*** Opening SUPPLIED INFORMATION ***

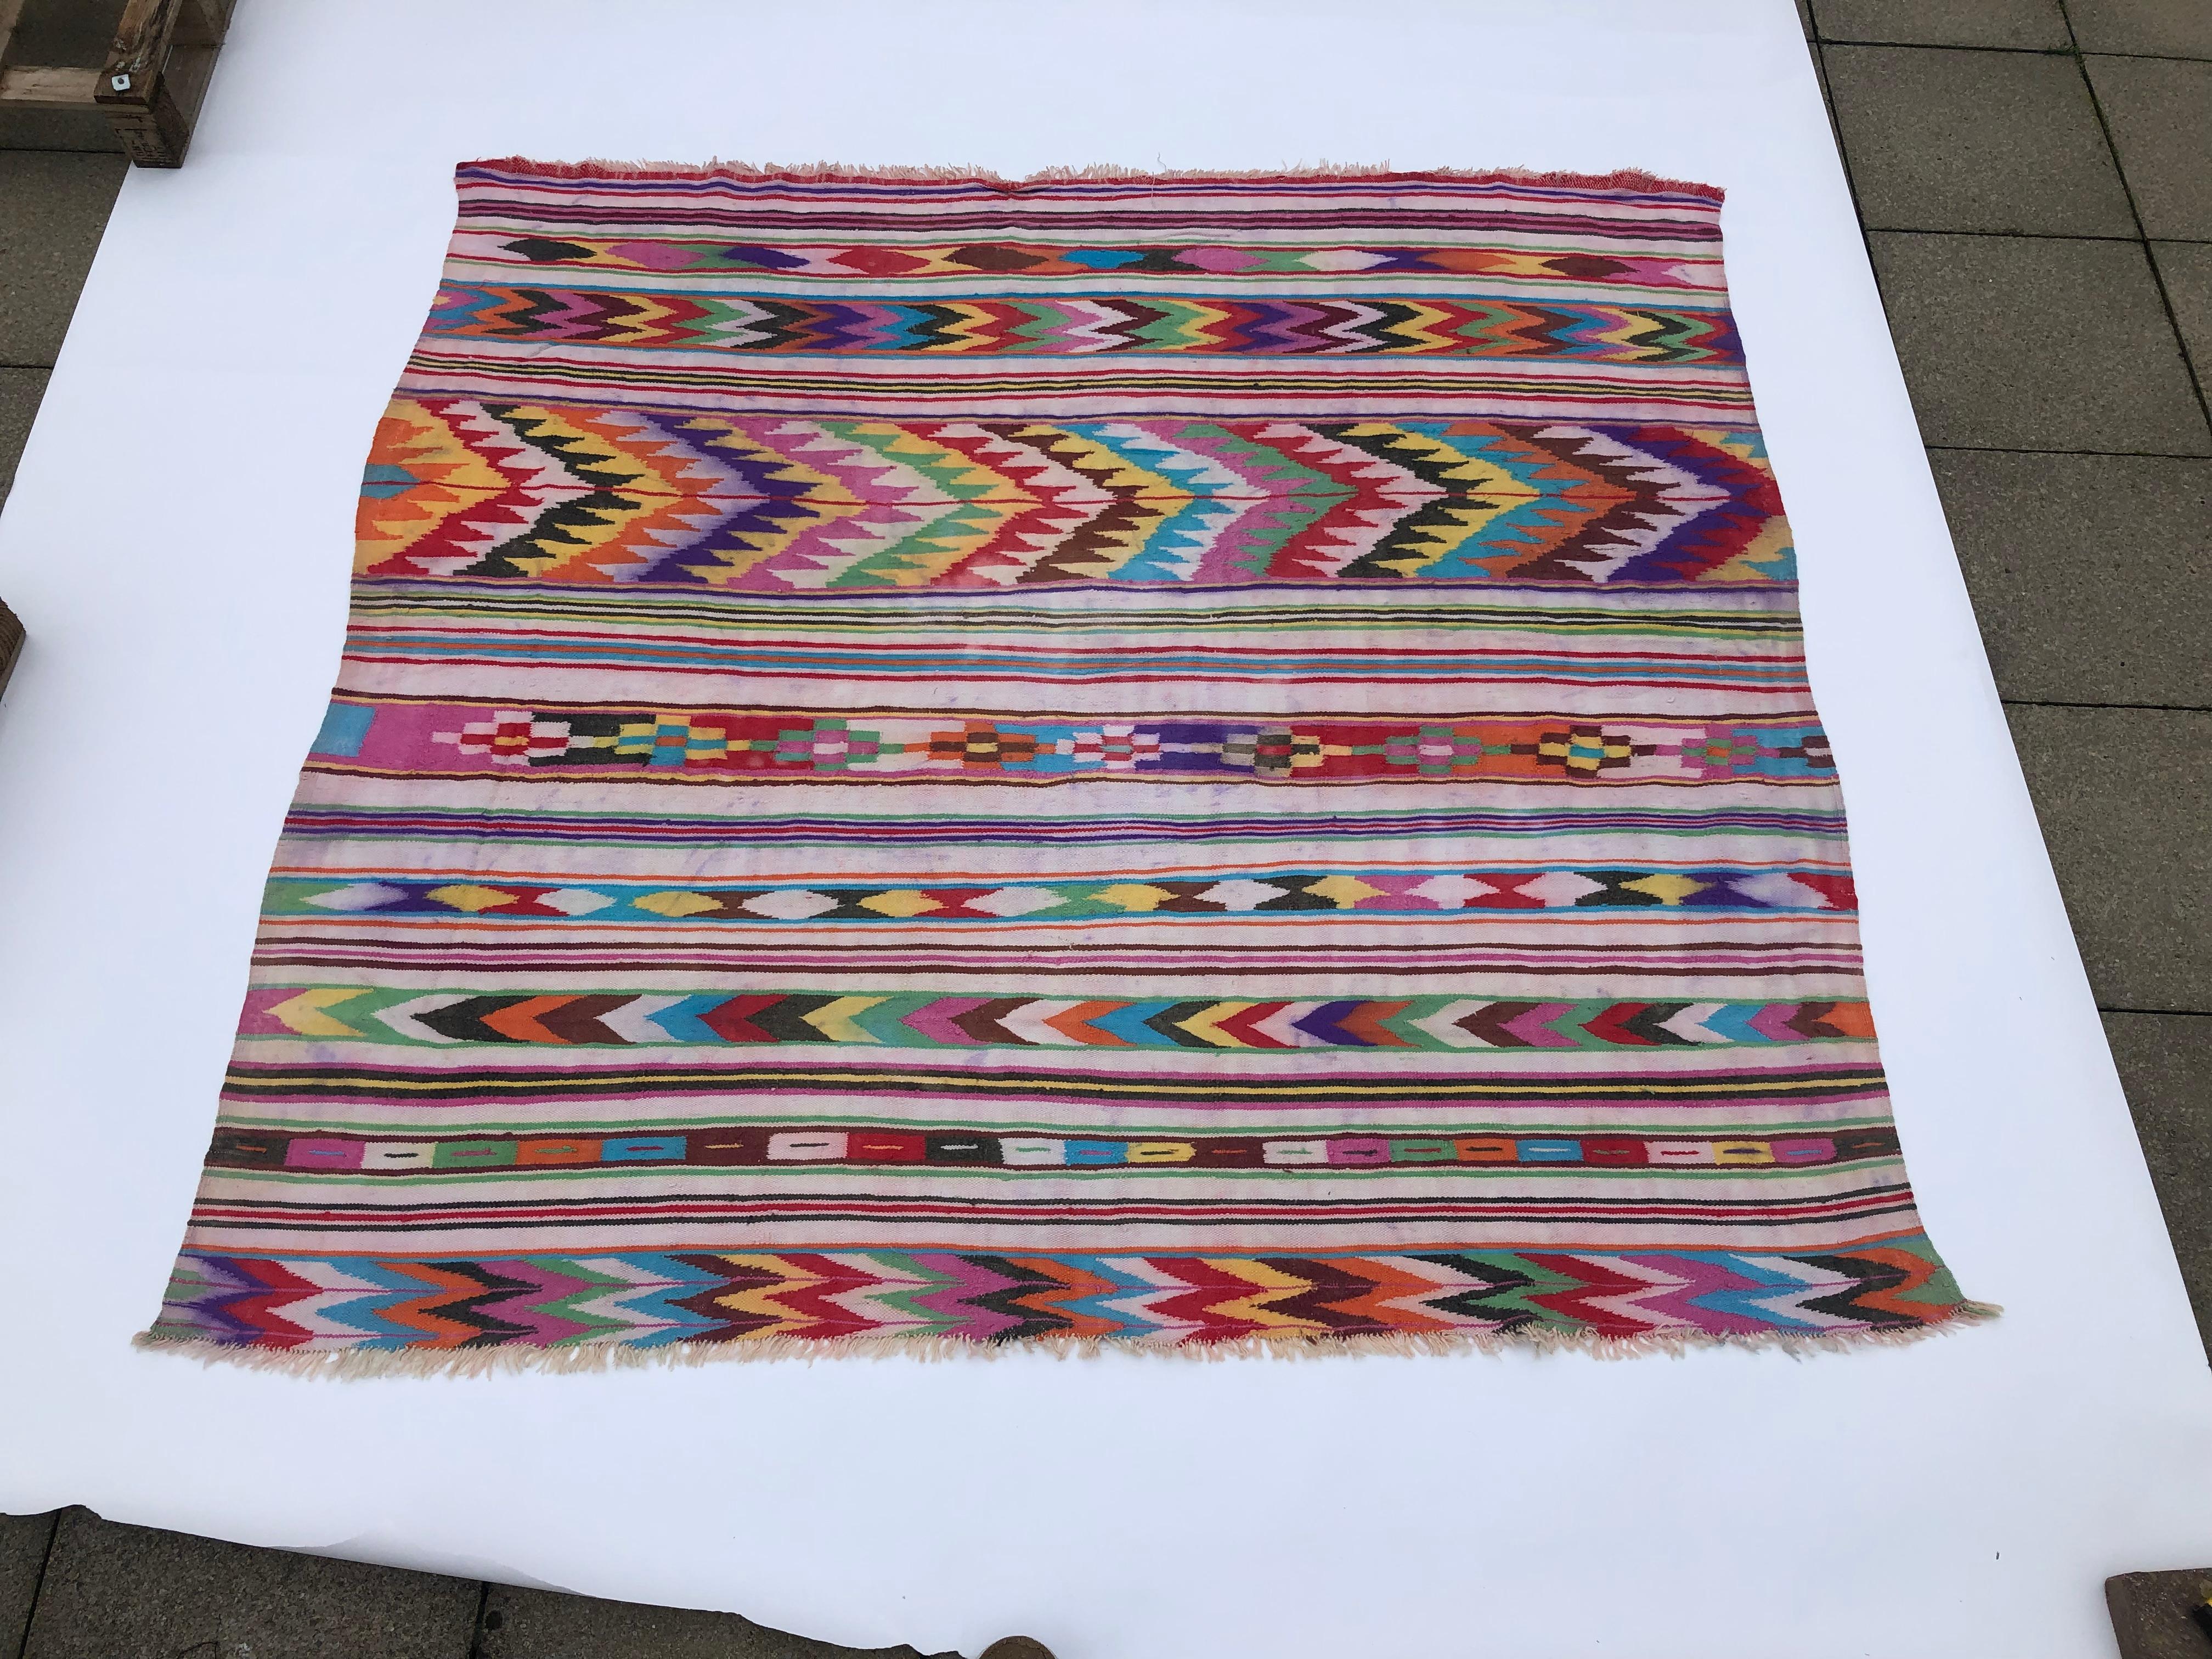 Ein einzigartiger algerischer Berberteppich mit einem mehrfarbigen Muster aus Zickzack, Linien und Rautenformen. Dieser handgewebte Teppich wird in traditioneller Technik von den Berberstämmen der Kabyle im Norden Algeriens hergestellt. Jeder
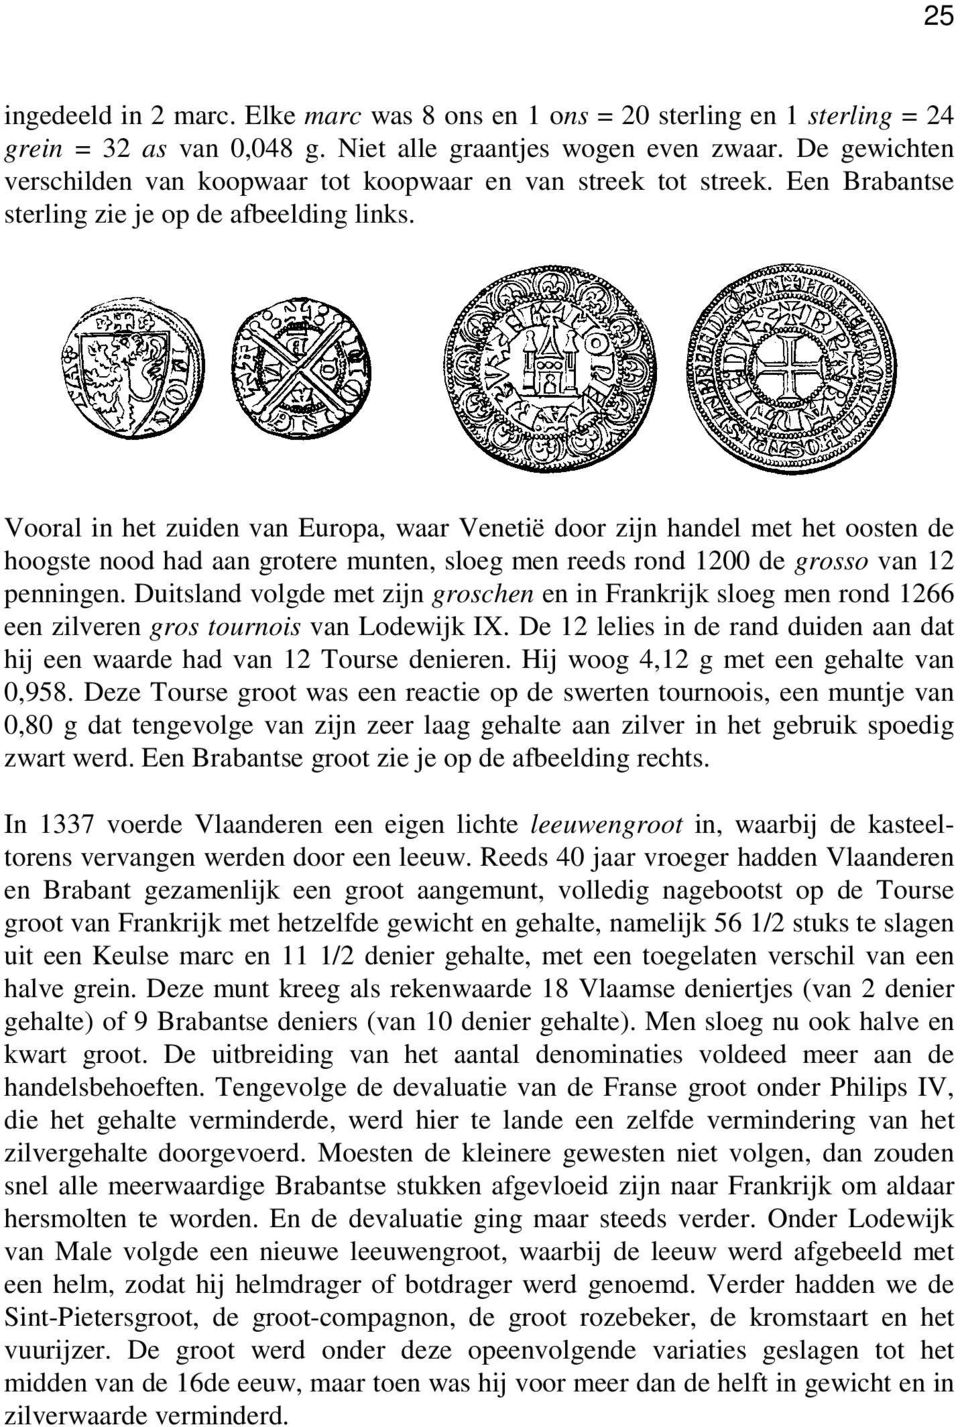 Vooral in het zuiden van Europa, waar Venetië door zijn handel met het oosten de hoogste nood had aan grotere munten, sloeg men reeds rond 1200 de grosso van 12 penningen.
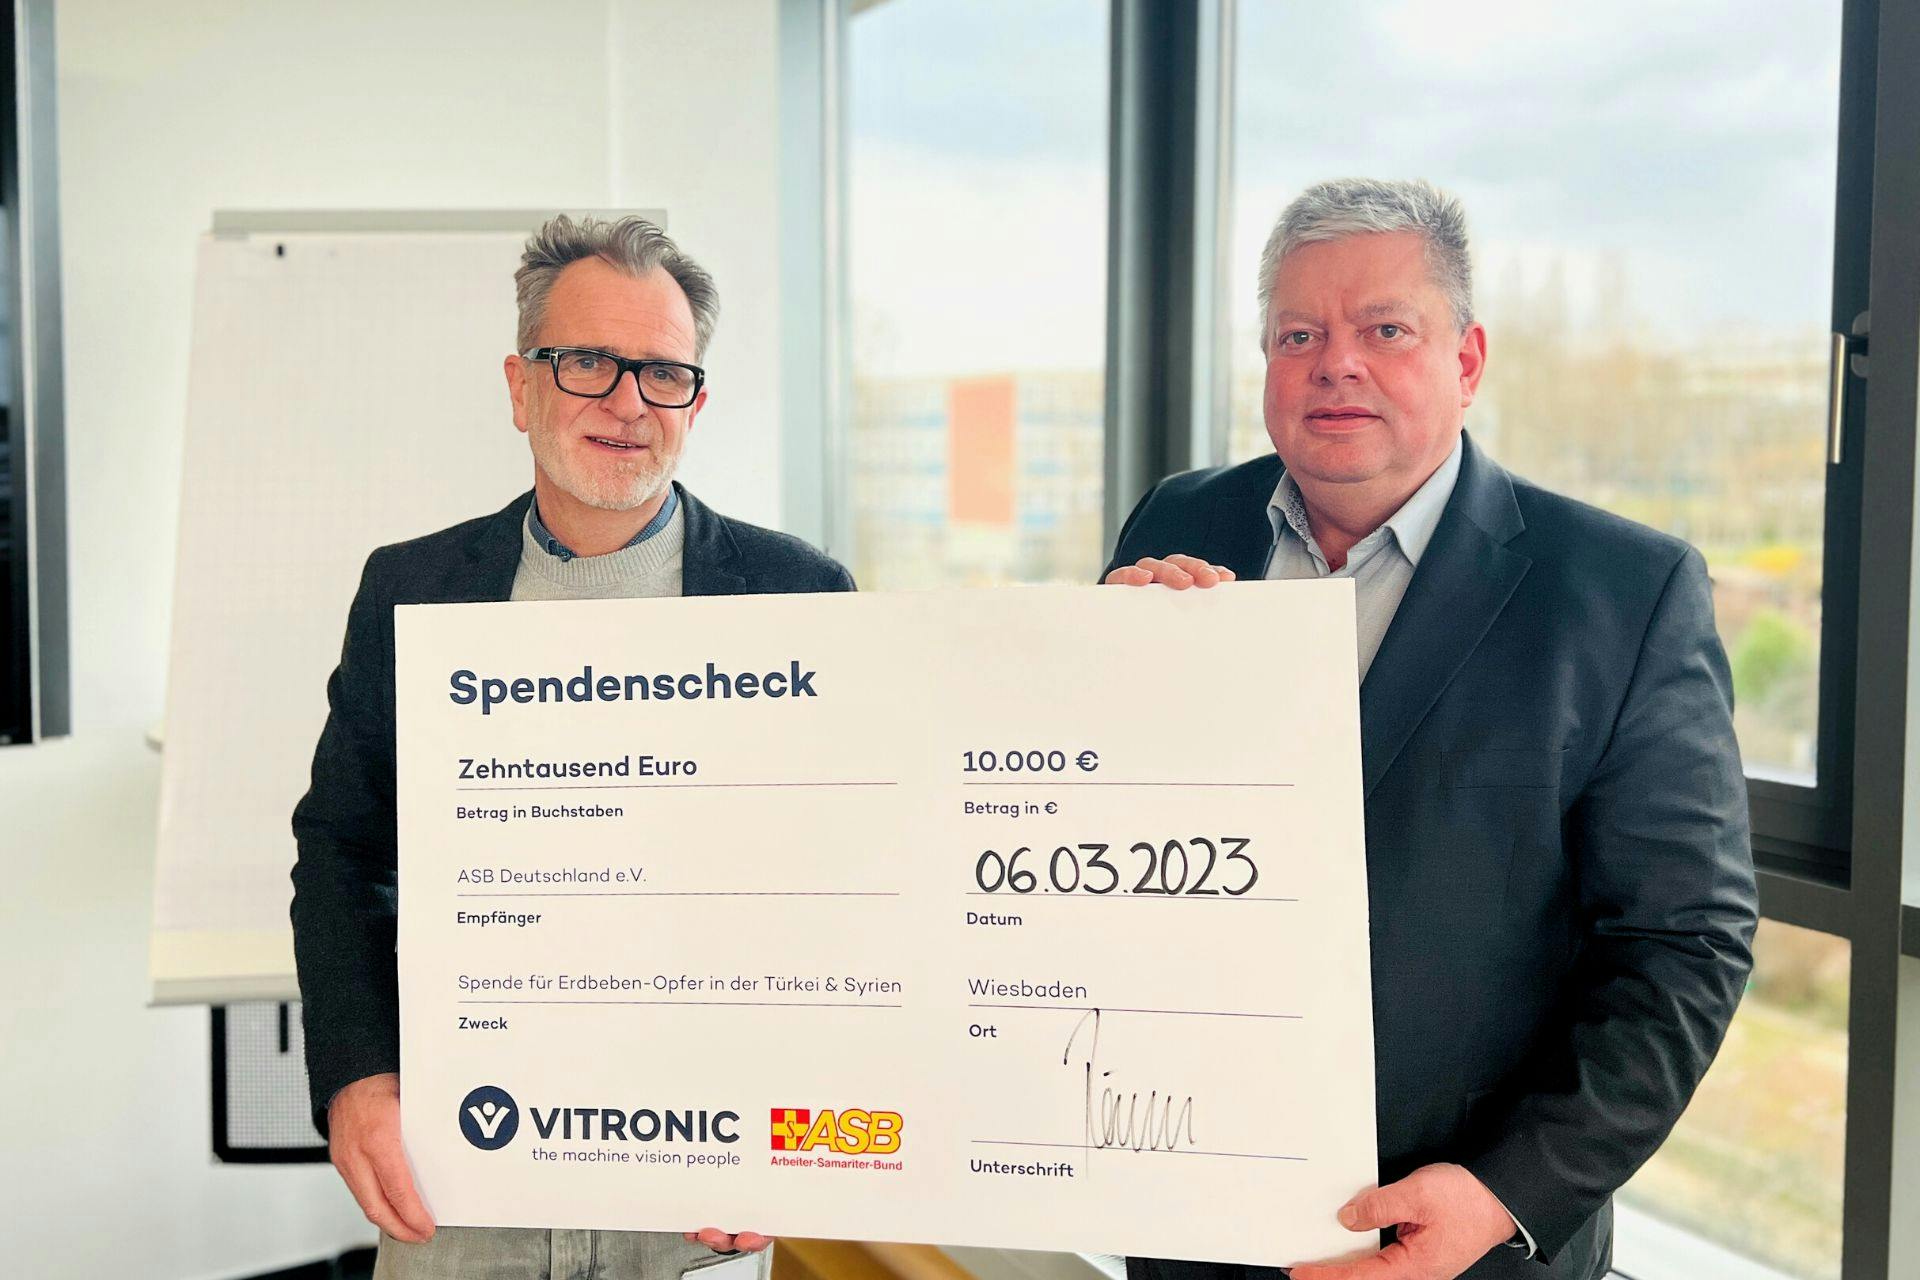 ساهمت شركة VITRONIC بمبلغ 10,000 يورو كمساعدة إنسانية فورية تبرعت بها لمنظمة المساعدات الخيرية والرعاية الاجتماعية "ASB Deutschland E.V" لمد يد العون لضحايا الزلزال.
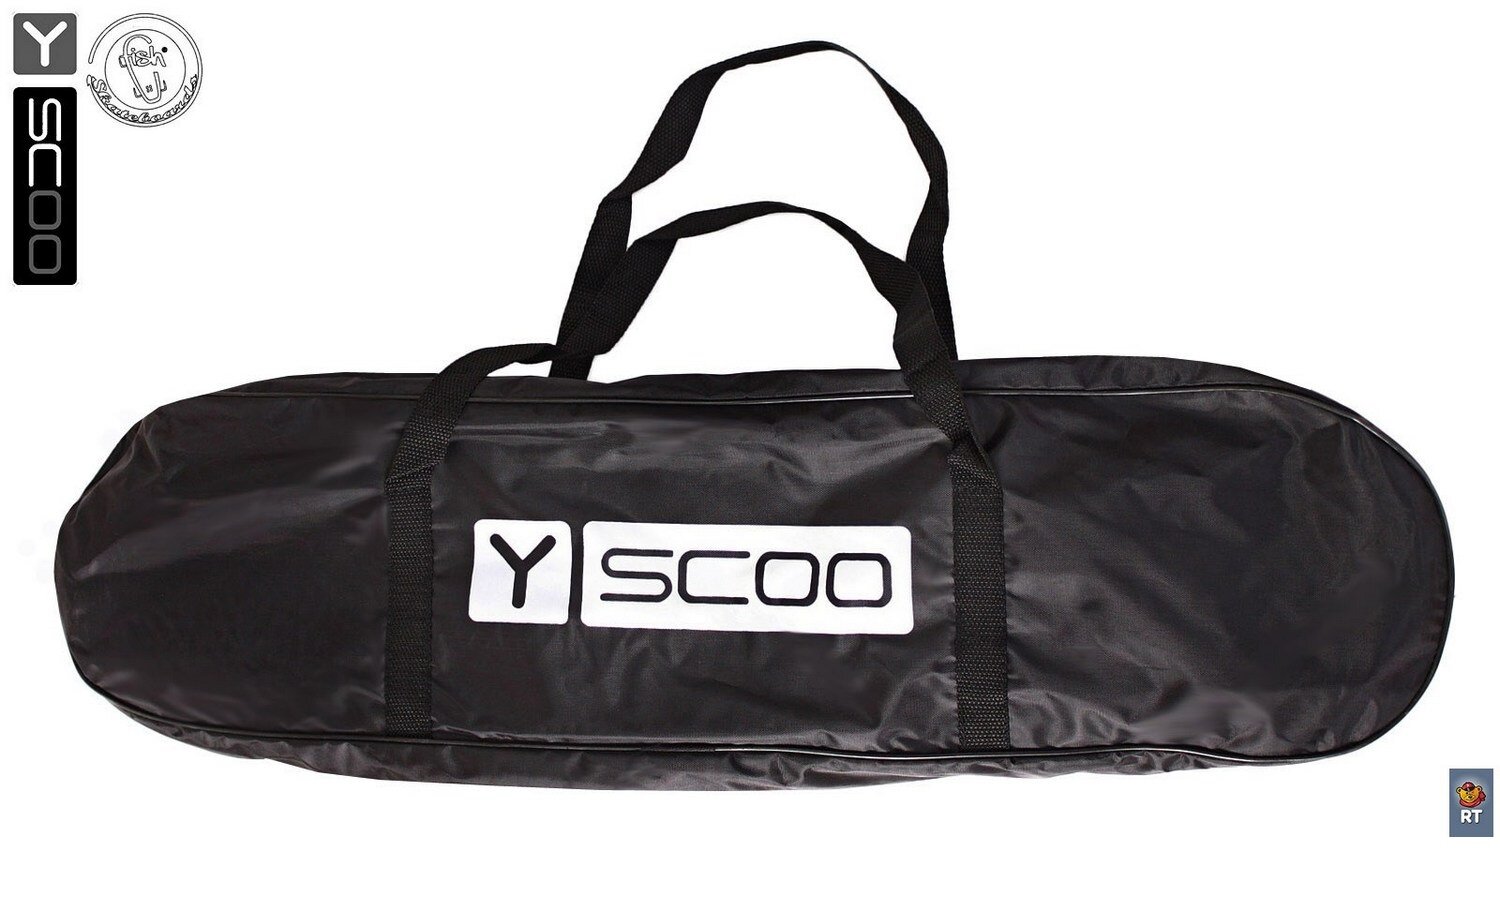 Скейтборд Y-SCOO Longboard Shark TIR 31 пластик 79 с сумкой CHAOS RED/black

*** Closing SUPPLIED INFORMATION ***

* _REQUIREMENT_
Once the pictures are set aside, give the rest of the material again unchanged.

* _TASK ANSWER_
 Ein einzigartiger algerischer Berberteppich mit einem mehrfarbigen Muster aus Zickzack, Linien und Rautenformen. Dieser handgewebte Teppich wird in traditioneller Technik von den Berberstämmen der Kabyle im Norden Algeriens hergestellt. Jeder
 Vooral in het zuiden van Europa, waar Venetië door zijn handel met het oosten de hoogste nood had aan grotere munten, sloeg men reeds rond 1200 de grosso van 12 penningen.
 ساهمت شركة VITRONIC بمبلغ 10,000 يورو كمساعدة إنسانية فورية تبرعت بها لمنظمة المساعدات الخيرية والرعاية الاجتماعية "ASB Deutschland E.V" لمد يد العون لضحايا الزلزال.
 Скейтборд Y-SCOO Longboard Shark TIR 31 пластик 79 с сумкой CHAOS RED/black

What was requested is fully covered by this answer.